*** Dataset content ***

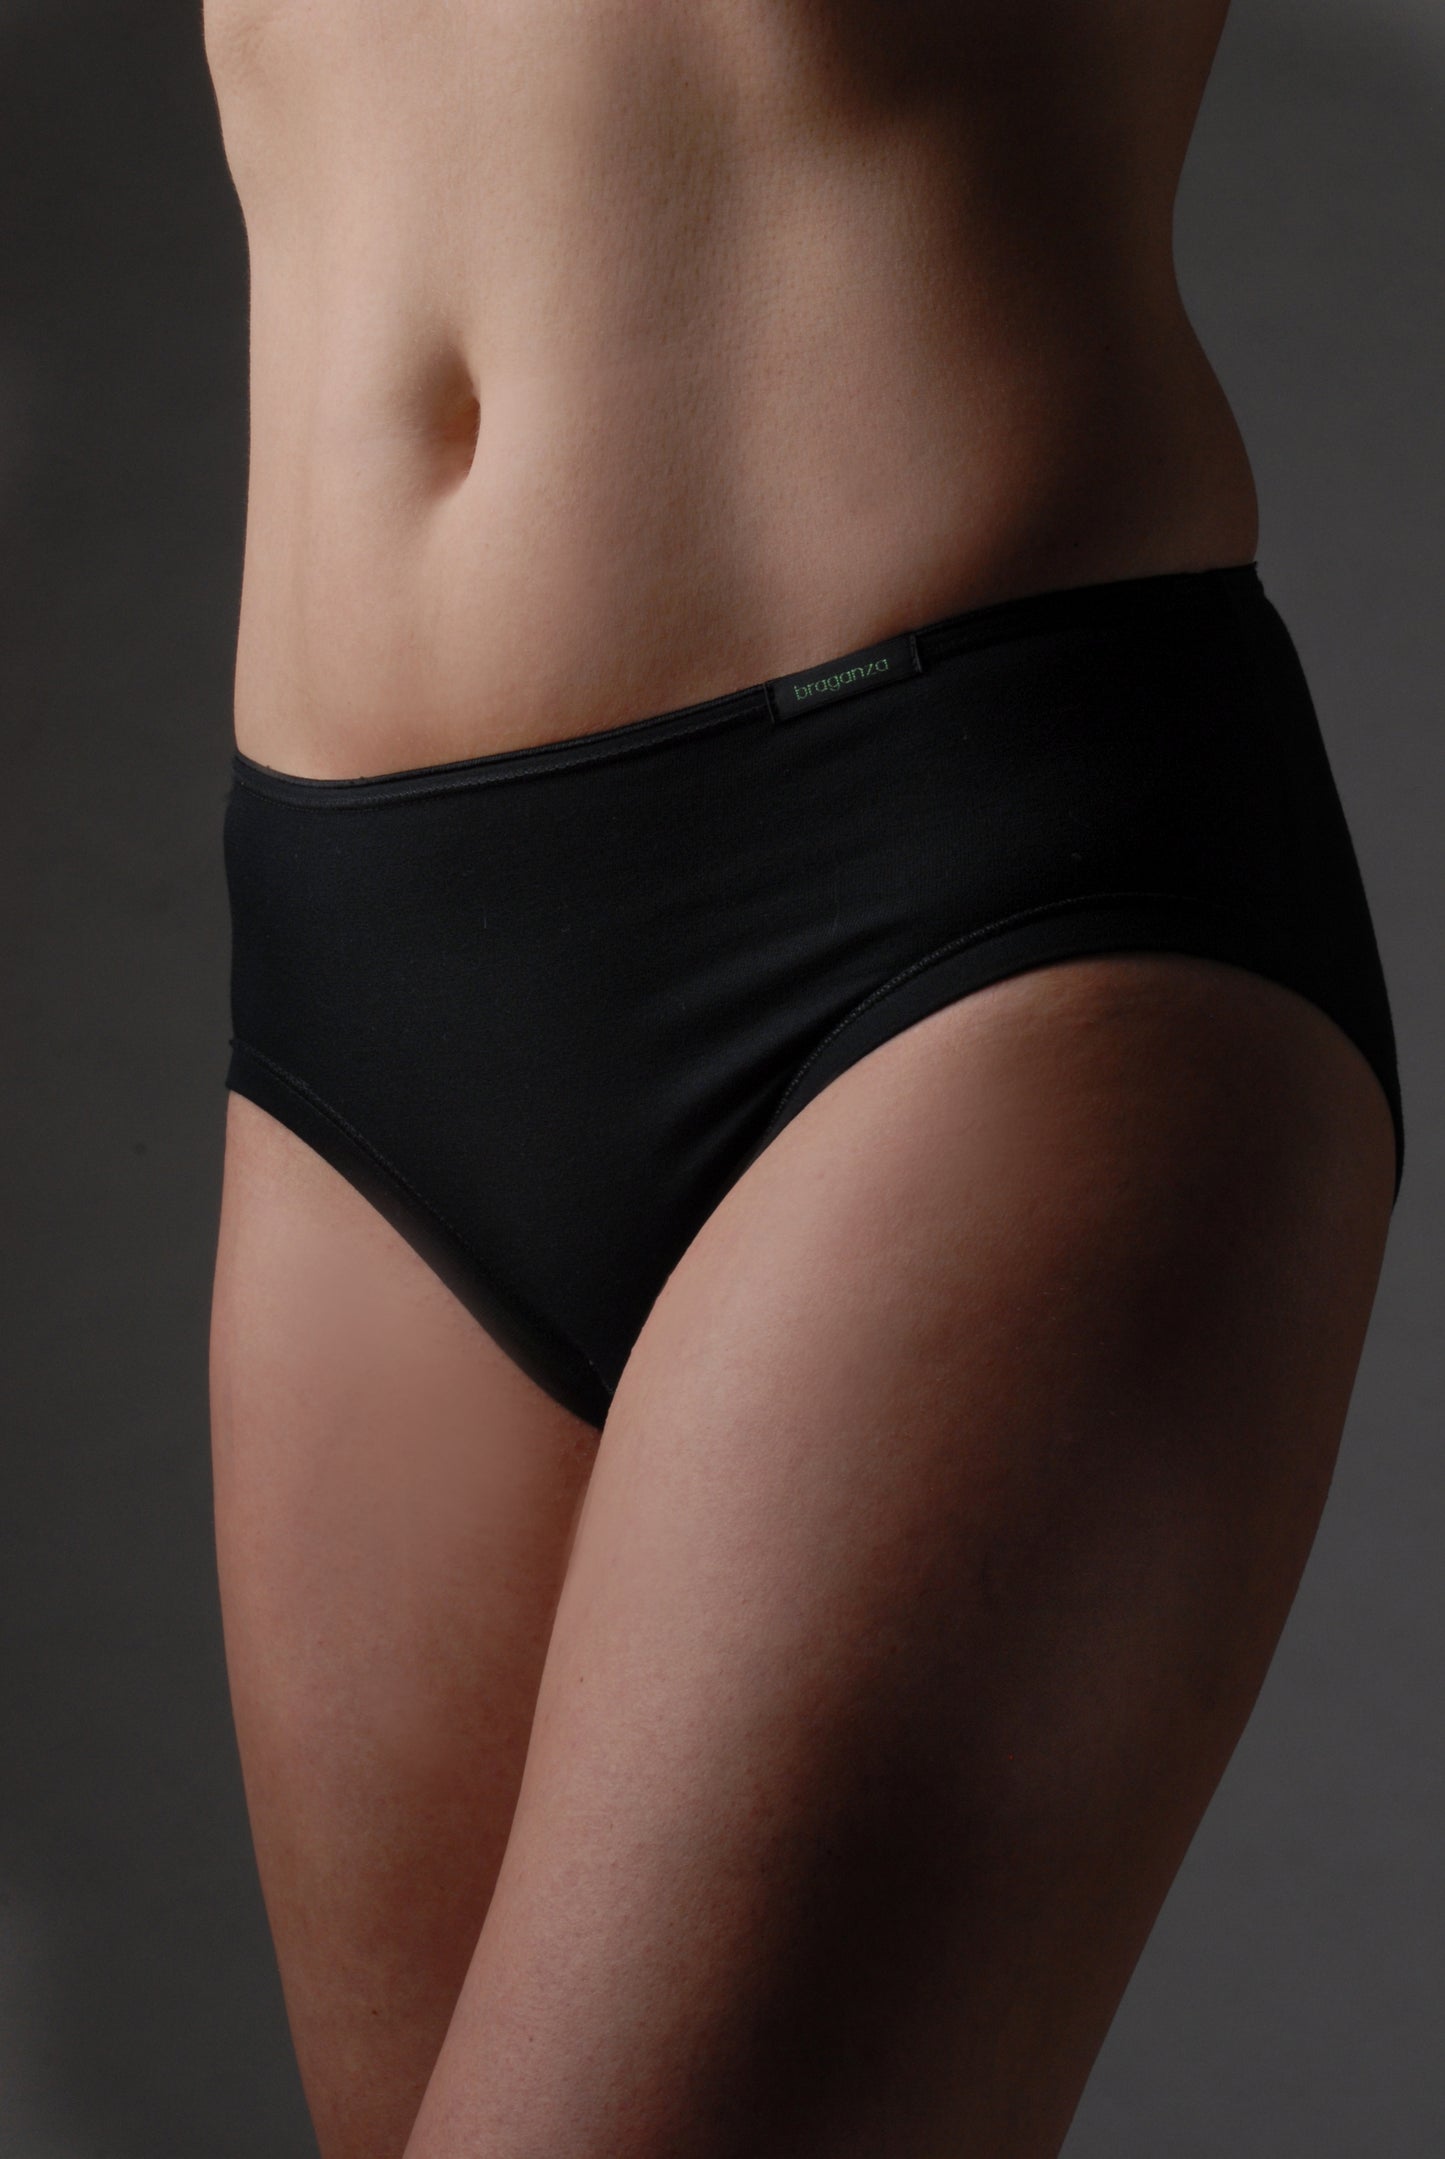 Der sportliche Damen Slip ist ideal für alle Sportarten, er schützt und atmet und ersetzt die Anwendung von Slipeinlagen
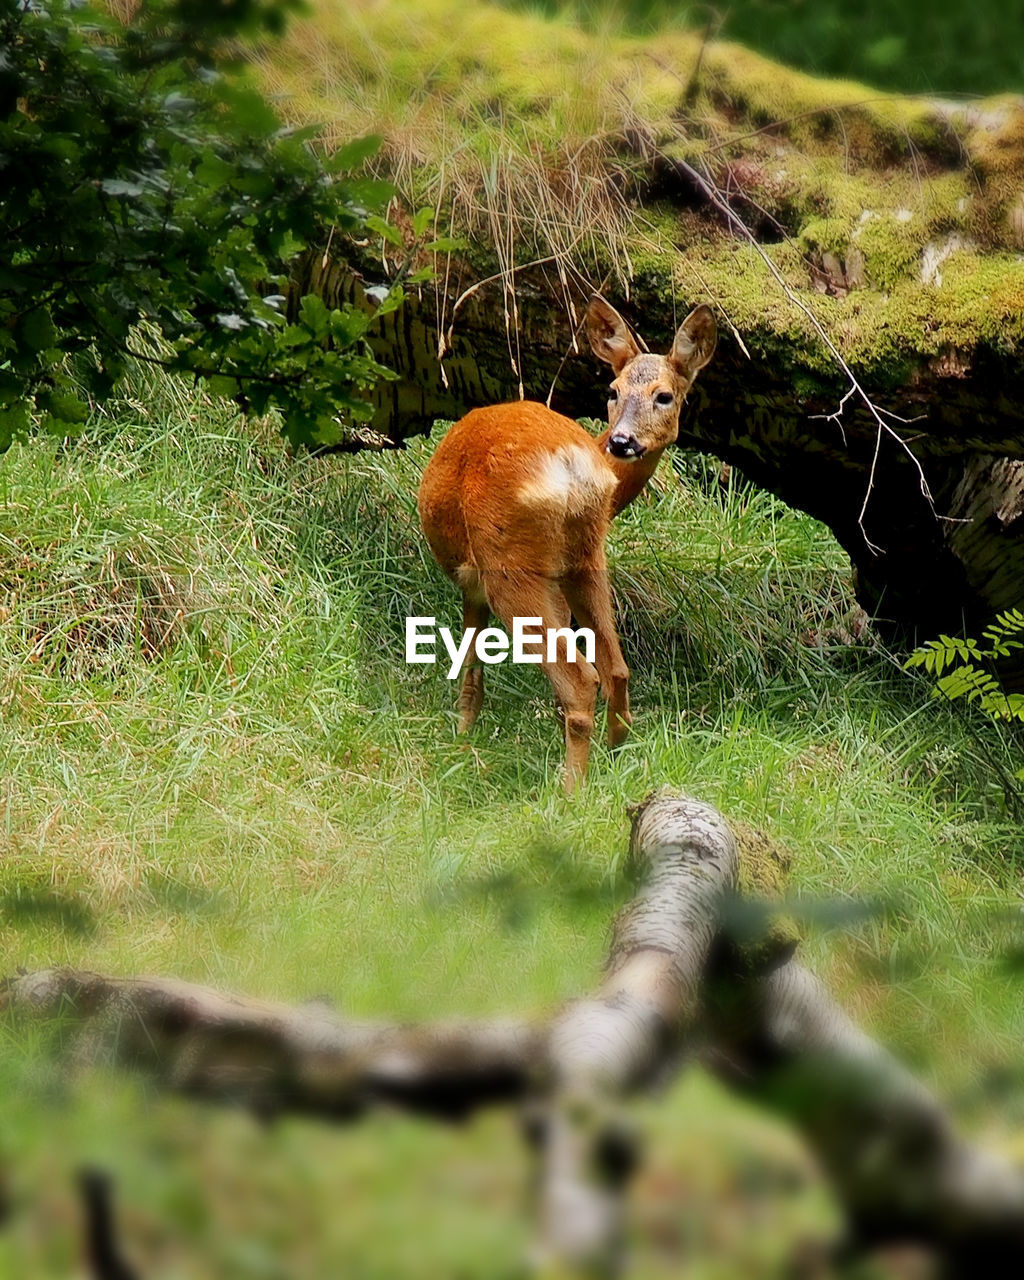 Deer looking away on grassy field
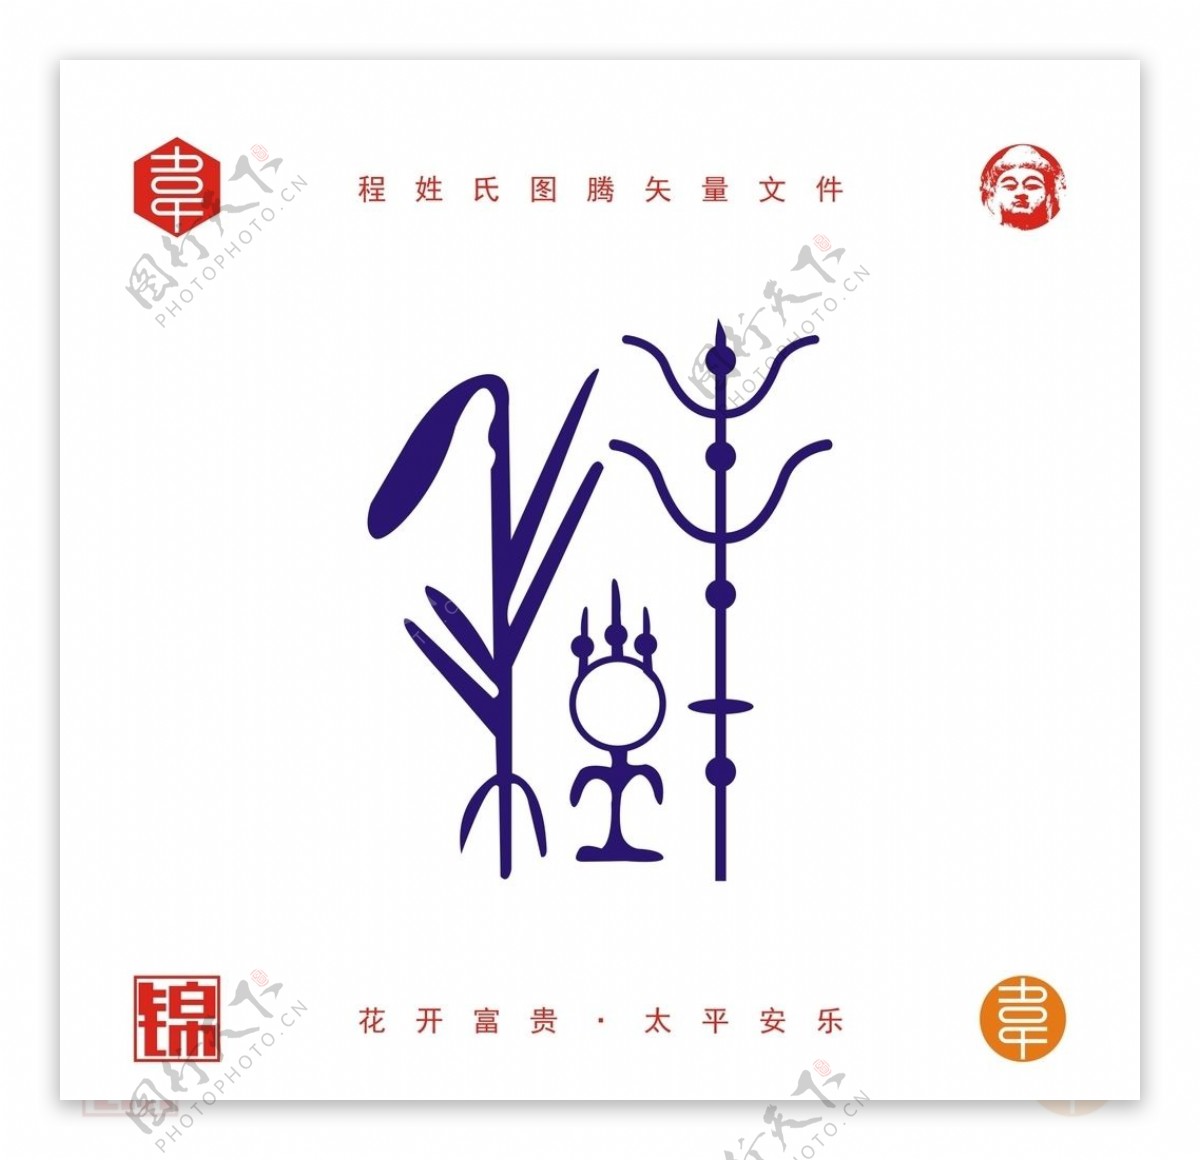 齐图腾_姓氏图腾-中国图腾文化艺术研究院

*** End of Dataset content ***

* Goal of the exercise:
Please restate the data word for word, leaving out any picture it holds.

* Result of this exercise:
 Der sportliche Damen Slip ist ideal für alle Sportarten, er schützt und atmet und ersetzt die Anwendung von Slipeinlagen
 Deer looking away on grassy field
 齐图腾_姓氏图腾-中国图腾文化艺术研究院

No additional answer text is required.